Впрочем, и осторожность его очень условна и непоследовательна и проявляется главным образом негативно. Просто он уклоняется от публицистических выступлений, от участия в коллективных антифашистских воззваниях и пытается возможно полнее уйти в работу над «Иосифом». Но когда он берет в руки перо и высказывает на бумаге то, что думает о происходящем на родине, тактические соображения, направленные на сохранение германского подданства, которое избавило бы его от множества житейских трудностей, уготовленных немецким эмигрантам в заигрывавшей с Гитлером Европе, и на сохранение доступа к внутригерманским читателям, — соображения эти вдруг словно бы забываются, словно бы меркнут перед велением совести. Едва ли можно представить себе более неподходящее с точки зрения такой тактики место для выражения антипатий к национал-социализму, чем заявление в имперское министерство внутренних дел. Но, требуя из Цюриха в апреле 1934 года продления паспорта и снятия ареста со своего мюнхенского имущества, этот эмигрант де-факто, еще не признающий себя эмигрантом («Я сам по себе и вообще никак не связан с рассеянной по миру немецкой эмиграцией», — сказал он еще недавно в частном письме), тут же, в официальном ходатайстве, заявляет о своем «прирожденном и естественно необходимом отвращении к национал-социалистической системе» и о том, что «горький опыт заставляет его на неопределенный срок отказаться от возвращения в Германию». Но вот проходят уже два с половиной года жизни за границей, он публично высказывается по злободневному политическому вопросу, высказывается в безусловно враждебном германскому правительству смысле, более того, делает прямой саркастический выпад против новых властей, и все-таки его, Томаса Манна, чьи старший брат и старший сын давно, а старшая дочь недавно лишены подданства, — его и после такого шага в список отлученных не вносят. Мы имеем в виду его вмешательство в дело Оссецкого.

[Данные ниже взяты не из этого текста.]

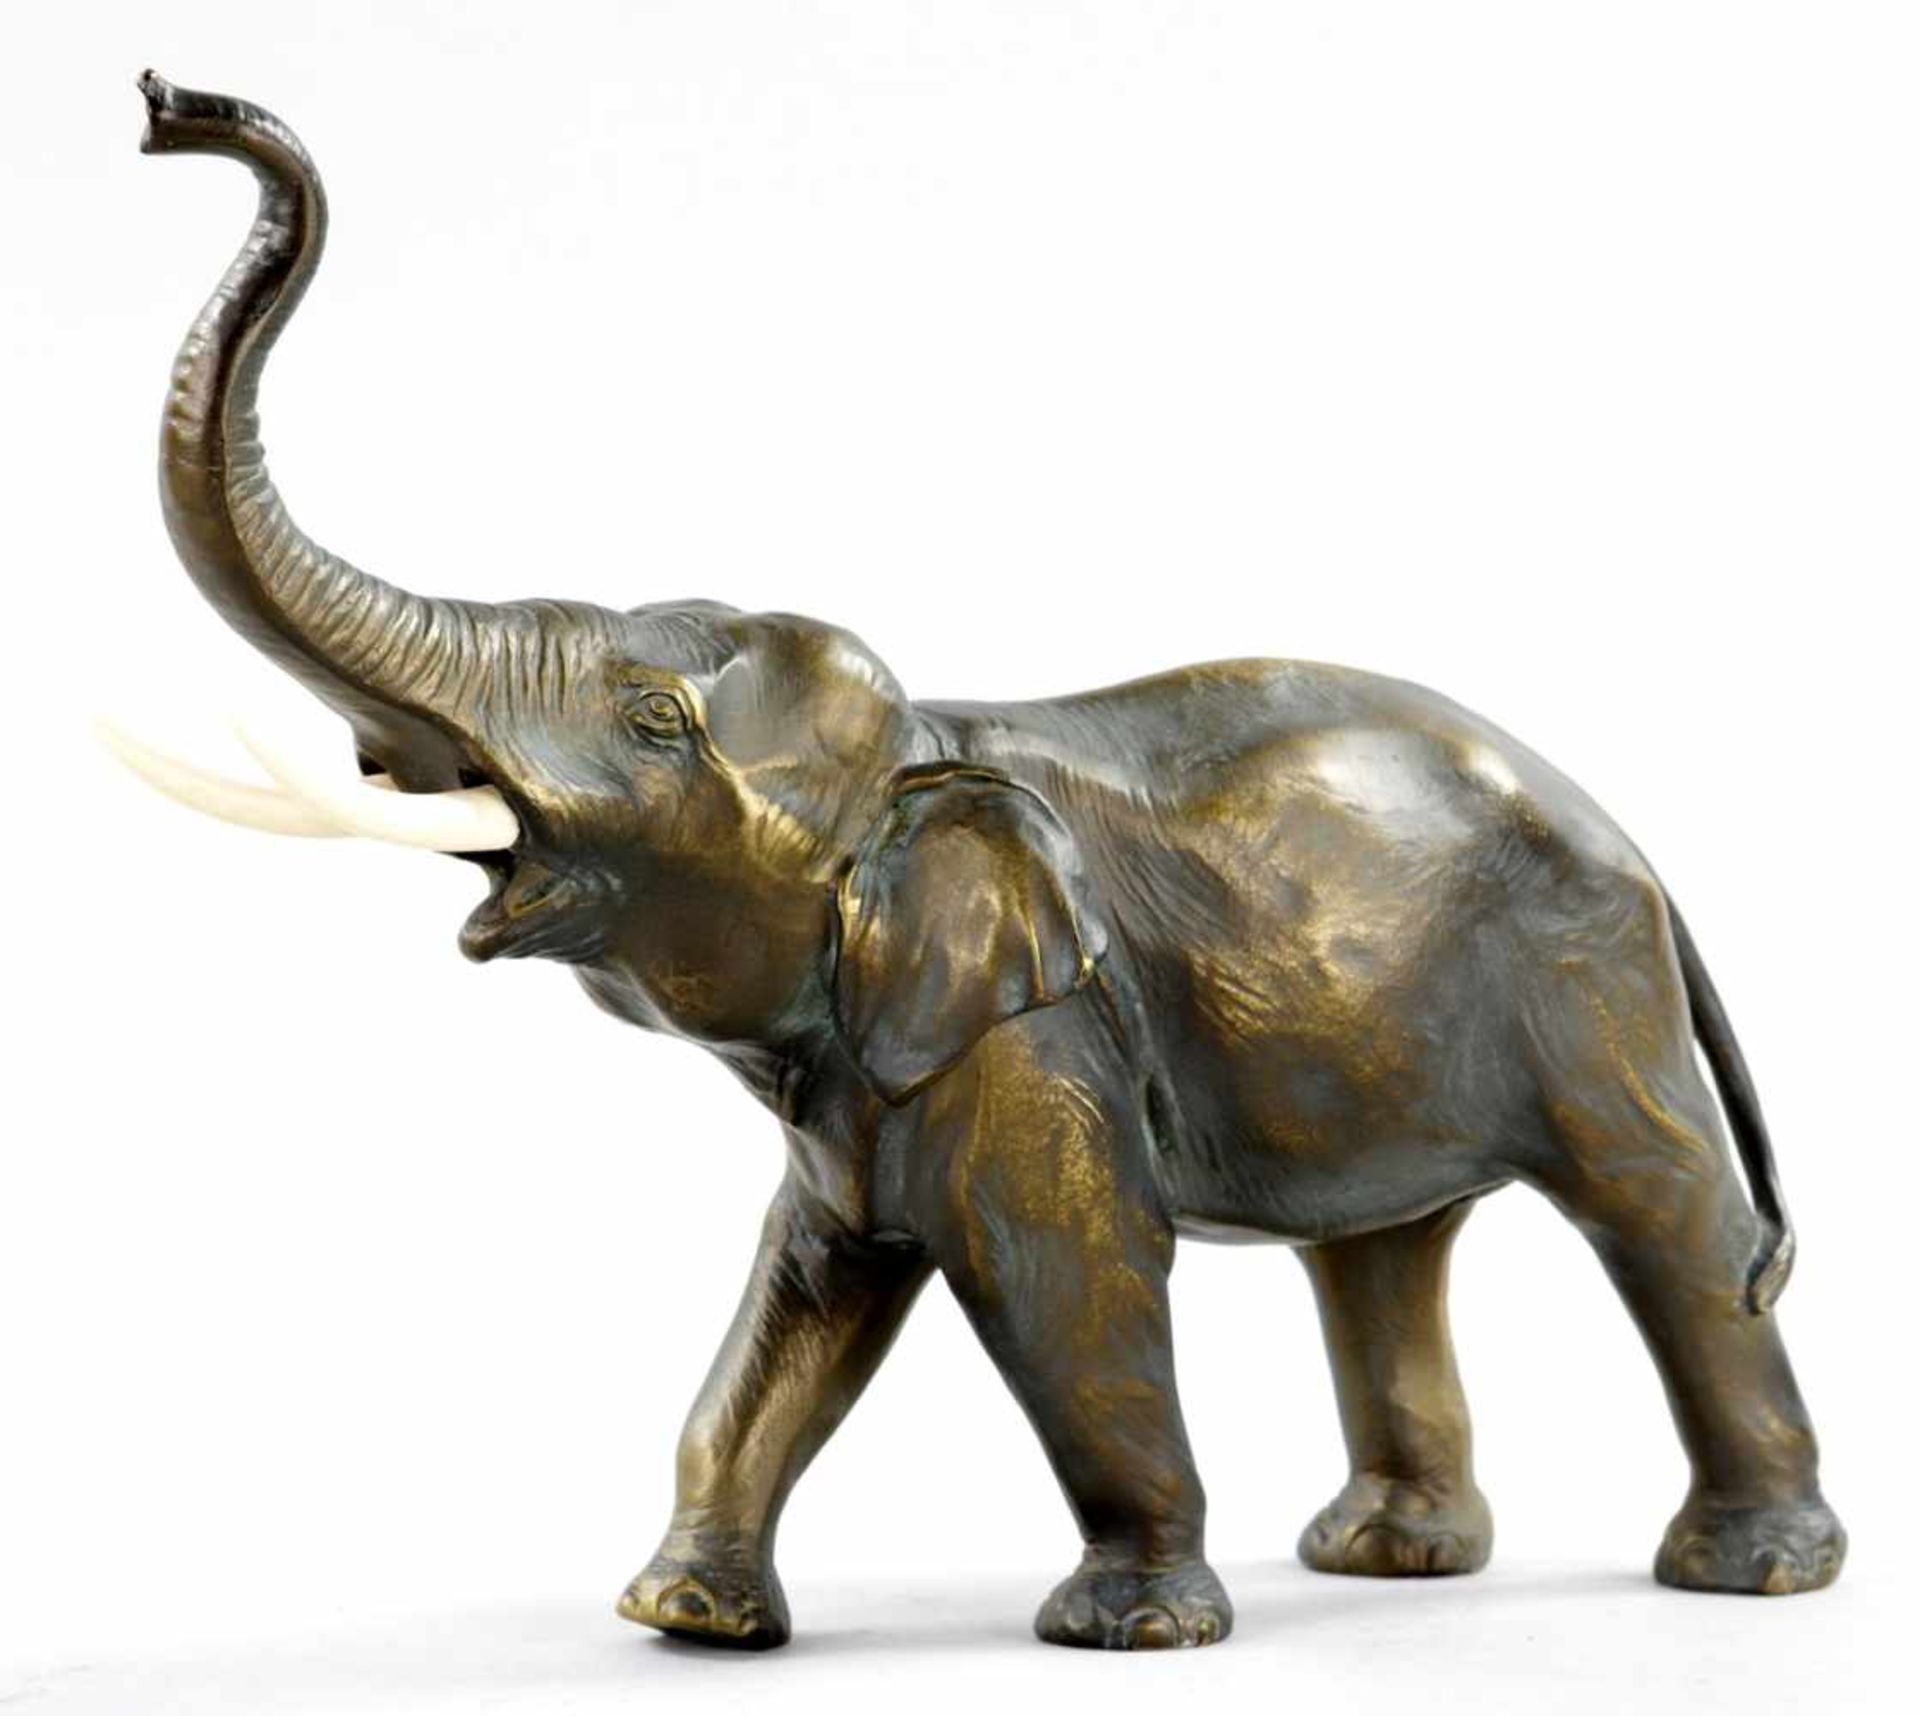 ElefantenfigurMetallguss/Kunststoff, 20.Jh. In naturalistischer Darstellung der stehende

Пацифист Карл фон Оссецкий, подвергавшийся и в вильгельмовские, и веймарские времена судебным преследованиям и выпущенный на свободу по рождественской амнистии 1932 года, то есть всего за несколько недель до прихода фашизма к власти, был вскоре снова упрятан сначала в тюрьму, а затем в концлагерь за то, что печатно потребовал от гитлеровского правительства выполнения предвыборных обещаний. С 1934 года велась кампания за присуждение Оссецкому Нобелевской премии мира.

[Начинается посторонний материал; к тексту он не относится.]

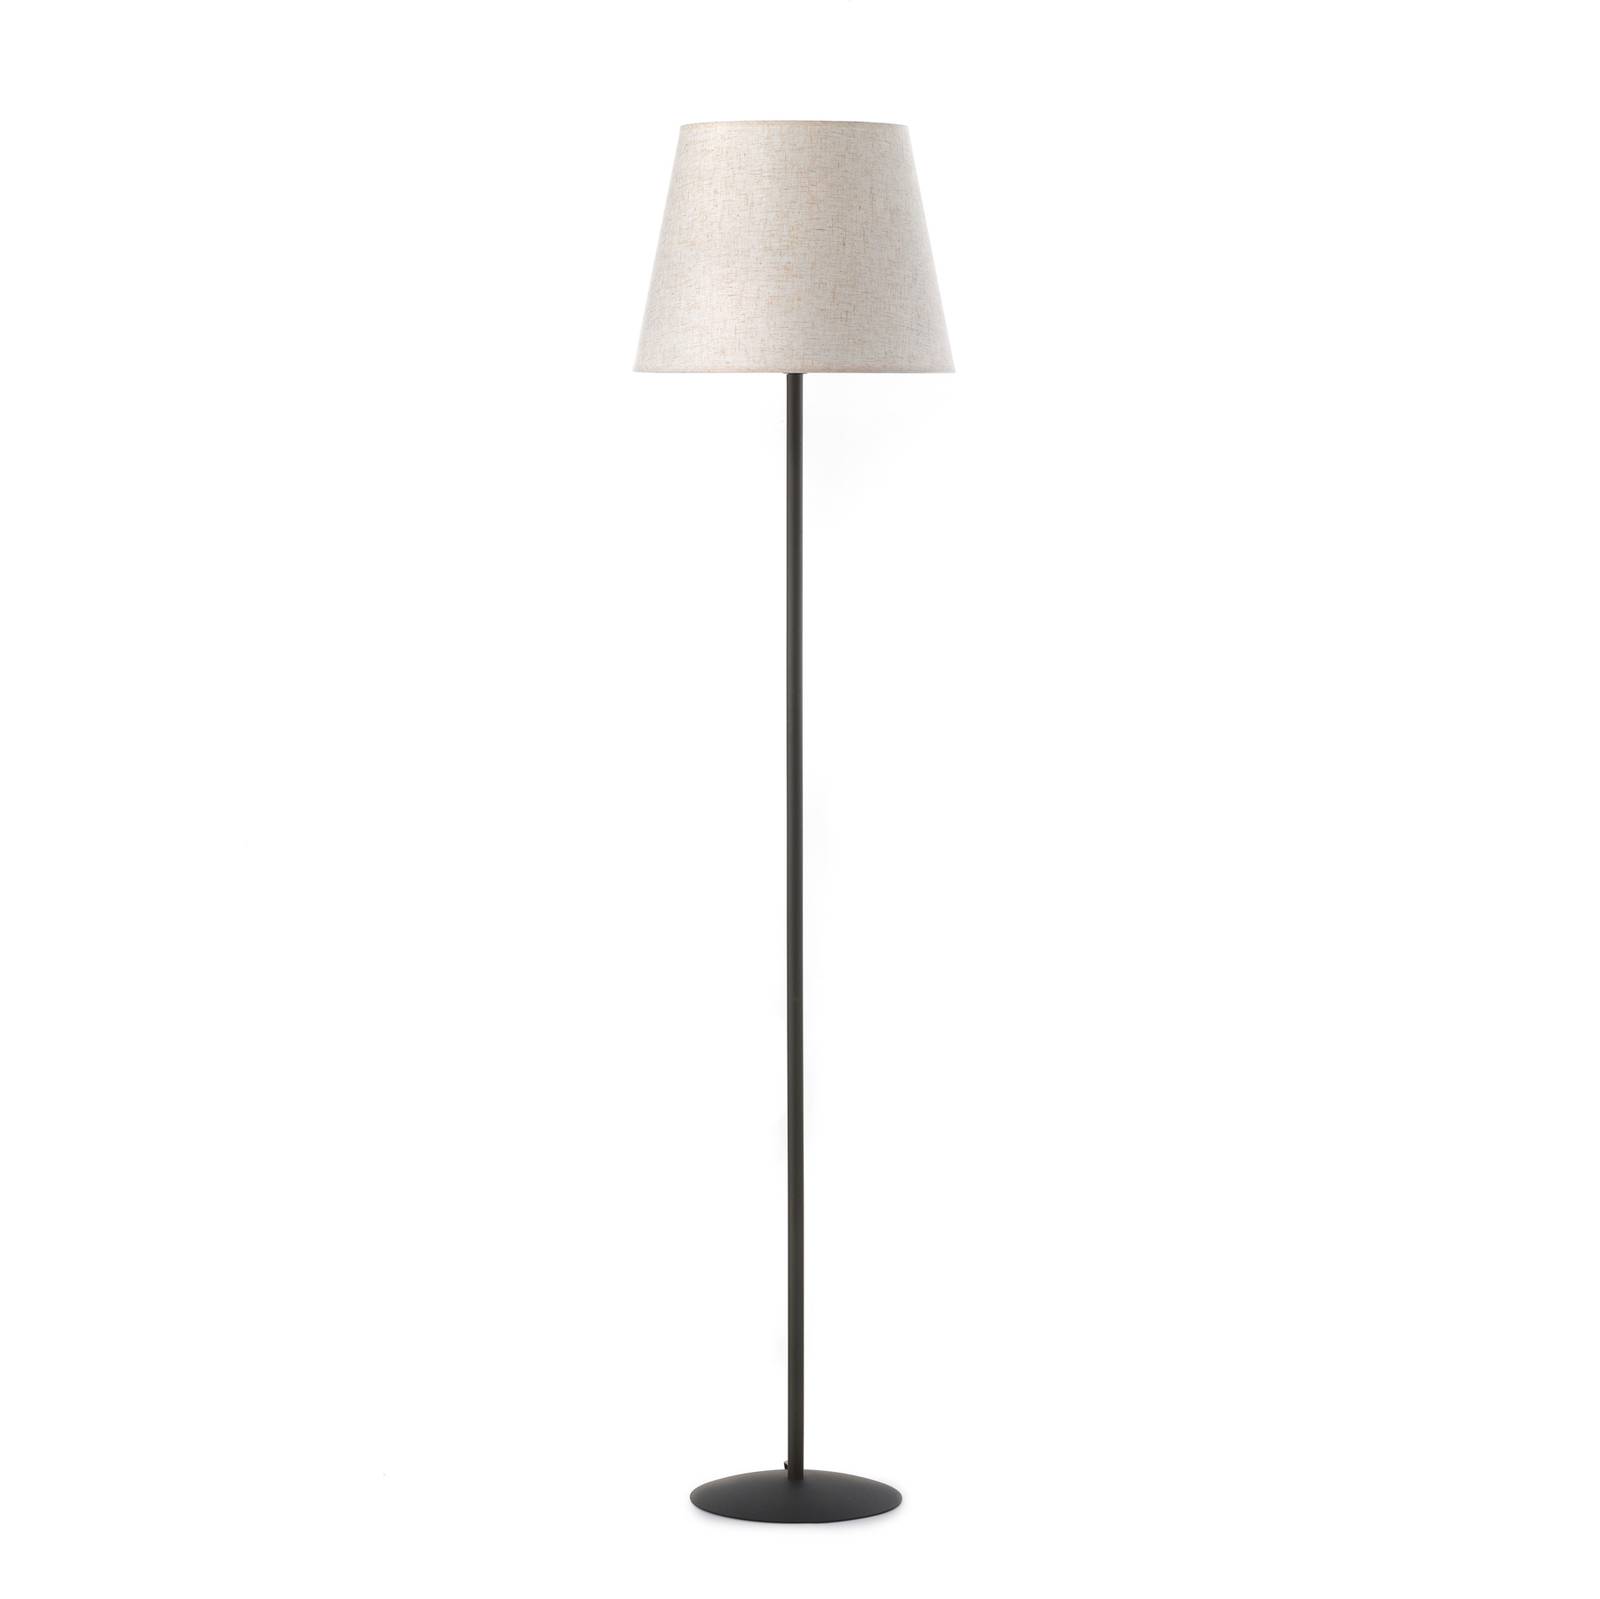 ONLI Loris floor lamp, black, sand beige lampshade

Осенью 1935 года Томас Манн посылает в Осло, в Нобелевский комитет, письмо, содержание которого становится, разумеется, широко известно и до того, как полный его текст в июле следующего года появляется а шведской печати. «Считается, — пишет он, — что присуждение премии мира не должно обнаруживать политических оттенков, что прежде всего оно не должно заключать в себе афронта полномочному, по общему признанию, правительству европейской страны. Но присуждение этой премии есть неизбежно и при любых обстоятельствах политический акт. Неужели же это будет афронтом германскому правительству, если борец за мир Оссецкий — он, кстати, не коммунист и не еврей — получит премию мира? Афронтом германскому правительству было бы, наоборот, усомниться в искренности его слов».

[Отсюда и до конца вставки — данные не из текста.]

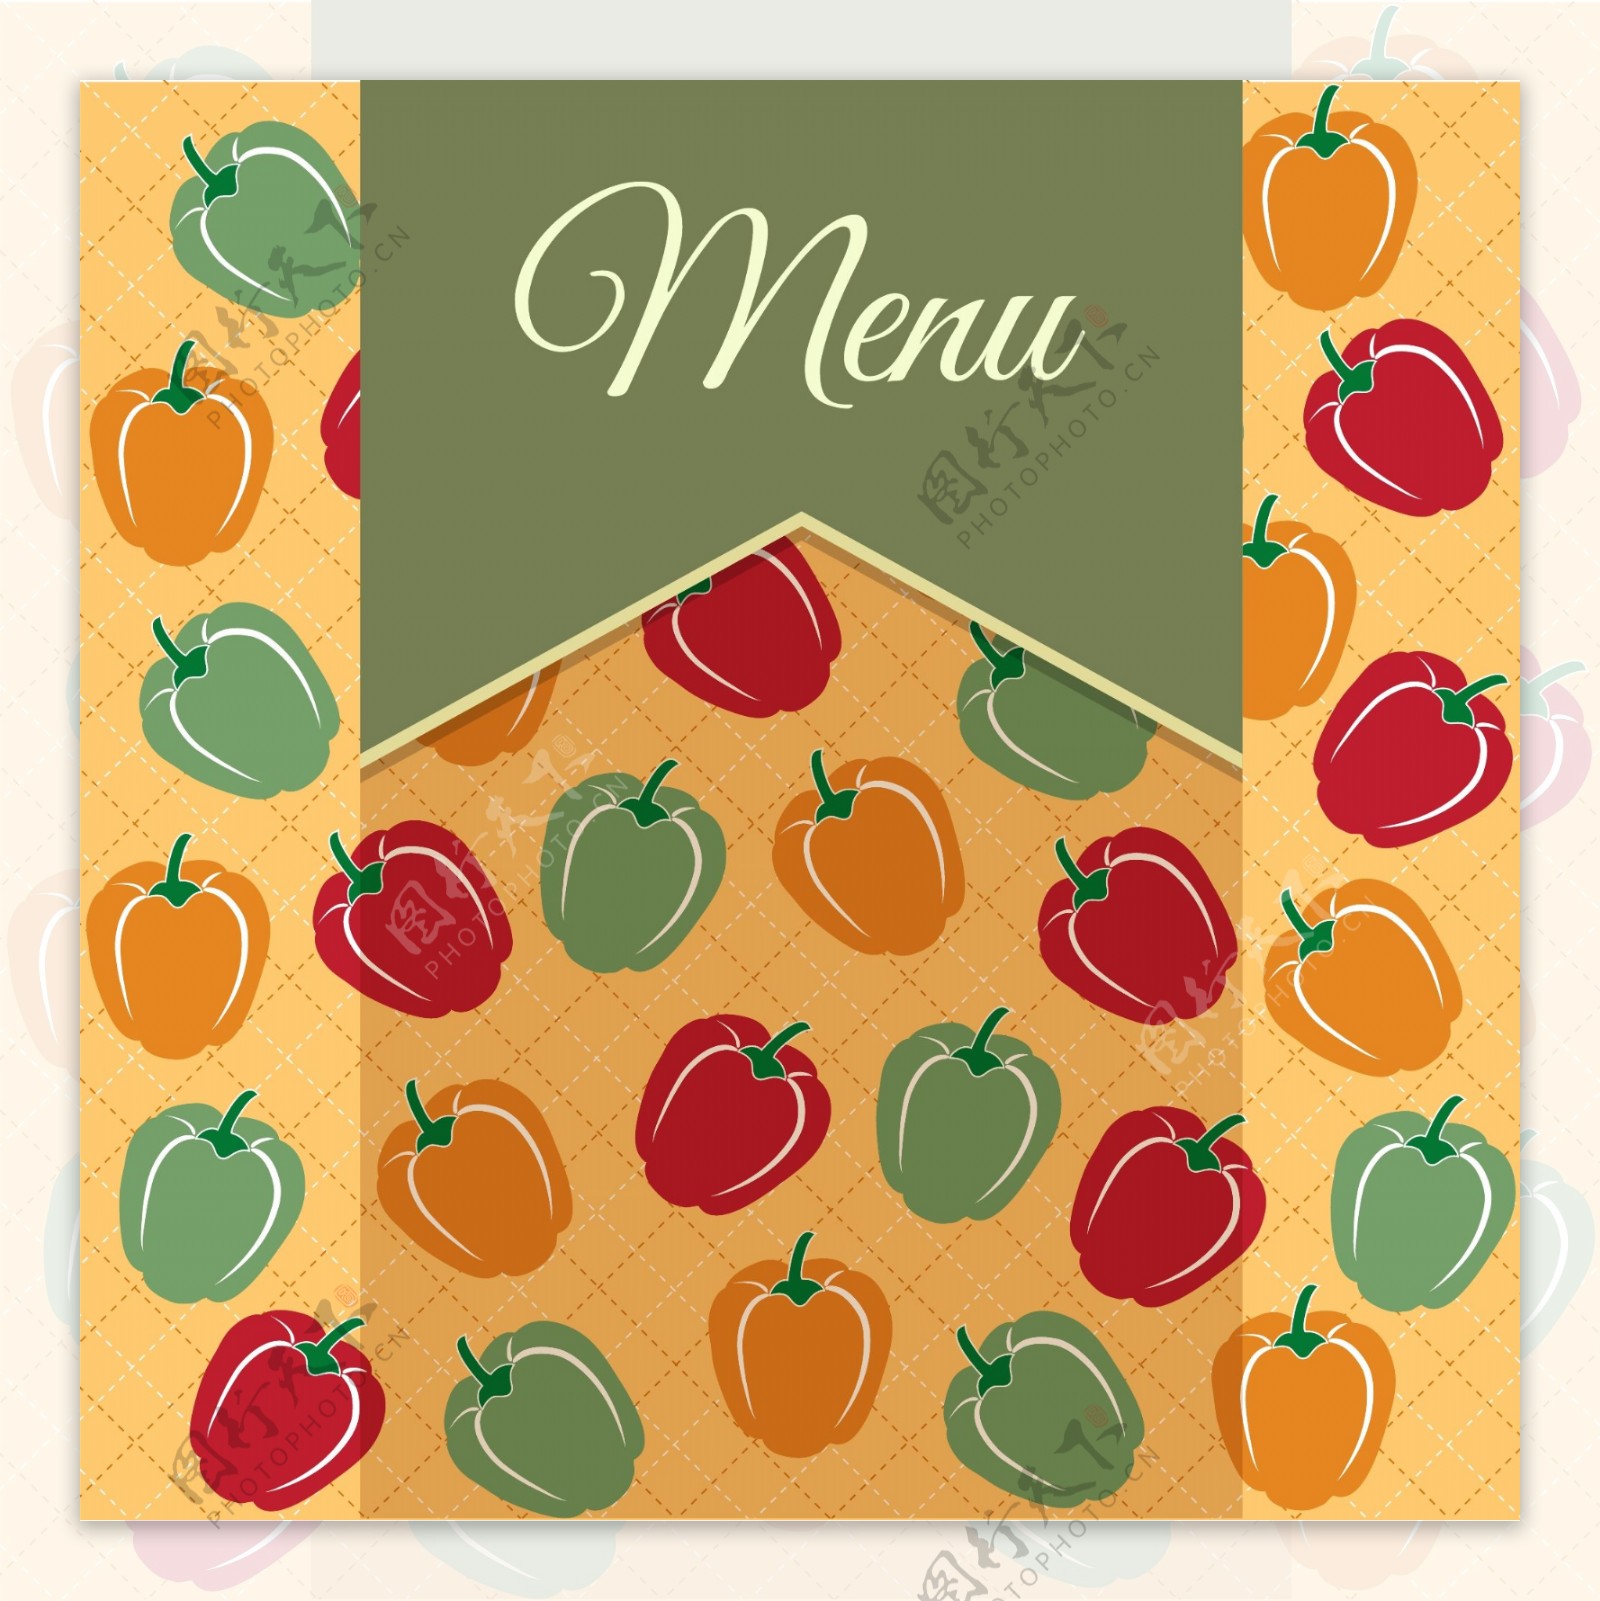 彩色辣椒图案的餐厅菜单

Лояльность формы не рассчитана здесь, конечно, на то. чтобы оградить автора письма от обвинений в оскорблении государства, которое пока еще лишило его подданства только наполовину, и оттянуть таким образом окончательное отлучение. Она продиктована жанром — автор обращается как-никак в академическое учреждение, — но в то же время она лишь подчеркивает разоблачительный характер упоминания о миролюбивых заверениях германского правительства. Наш герой прекрасно понимает, что его письмо в Нобелевский комитет — политический акт. Кого введет в заблуждение эта издевательская, в сущности, лояльность, если весь мир знает, что кандидат на Нобелевскую премию мира томится у себя на родине в концентрационном лагере, что на все вопросы иностранных корреспондентов, которые задают их в присутствии лагерного начальства, он отвечает либо молчанием, либо отрывистым «Так точно» и только на их предложение указать хотя бы в общих чертах тему интересующих его книг дает другой, потрясающий ответ: «Немецкое средневековье!»? Но теперь, когда вторая часть «Иосифа» и сборник статей успели выйти в Берлине, попытки продлить германский паспорт отставлены, и эмигрант де-факто явно готов стать эмигрантом де-юре. И все-таки, повторяем, он и после письма в Нобелевский комитет им еще не становится. Он станет им лишь после того, как объявит об этой своей готовности во всеуслышание.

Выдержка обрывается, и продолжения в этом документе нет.